Al-Haj also contends the district court erred in denying his claim because the district court must first find the property is subject to forfeiture. After the district court struck Al-Haj’s claim, it held:

“The court further finds that based upon the legal determination the claimant failed to properly follow the statutory requirements to make his claim, it is unnecessary to go further and make a determination on the merits of the case as to whether the forfeiture should be granted. The court finds that issue is moot as a result of this legal determination and ruling.”

K.S.A. 60-4116(a) provides:

“If no proper claims are timely filed in an action in rem, or if no proper answer is timely filed in response to a complaint, the plaintiffs attorney may apply for an order of forfeiture and allocation of forfeited property pursuant to K.S.A. 60-4117, and amendments thereto. Upon a determination by the court that the seizing agency’s written application established the court’s jurisdiction, the giving of proper notice, and facts sufficient to show probable cause for forfeiture, the court shall order the property forfeited to the seizing agency.”

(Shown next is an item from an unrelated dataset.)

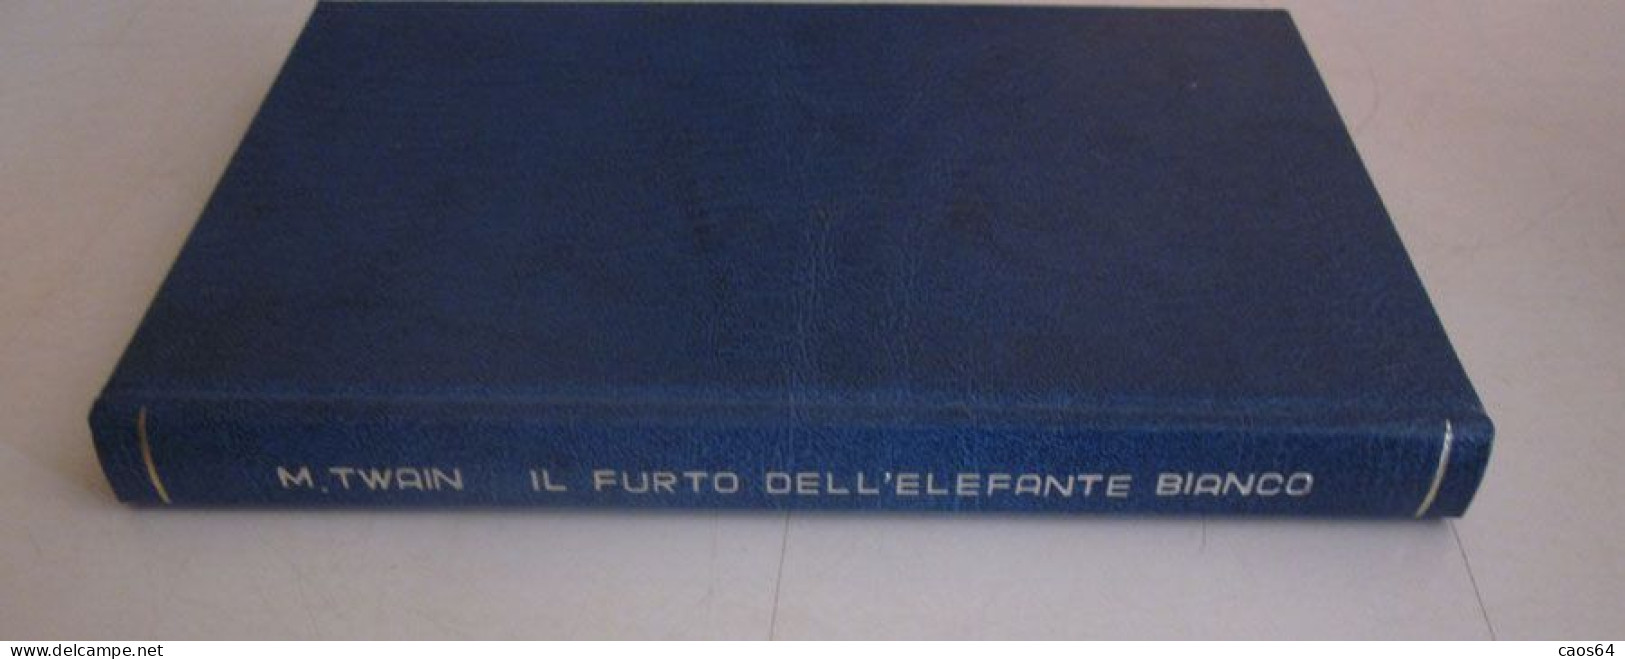 Il Furto Dell'elefante Bianco Mark Twain Rizzoli BUR 1952 - Clásicos

K.S.A. 60-4116(a) requires that the district court enter a probable cause finding. Because that was not done in the underlying proceeding, we vacate the order of forfeiture and remand to the district court for a probable cause determination based on the evidence that was presented.

Our conclusion gives Al-Haj a hollow victory because of his failure to file a proper claim. If there is a finding of probable cause, the district court shall order the property forfeited to the seizing agency. If there is no finding of probable cause, disposition shall be in compliance with the Uniform Unclaimed Property Act, K.S.A. 58-3934 et seq.

Conclusion

The district court’s order striking Al-Haj’s claim is affirmed. The district court’s order of forfeiture is vacated for a probable cause determination to support forfeiture.

Affirmed in part, reversed in part, and remanded for further proceedings.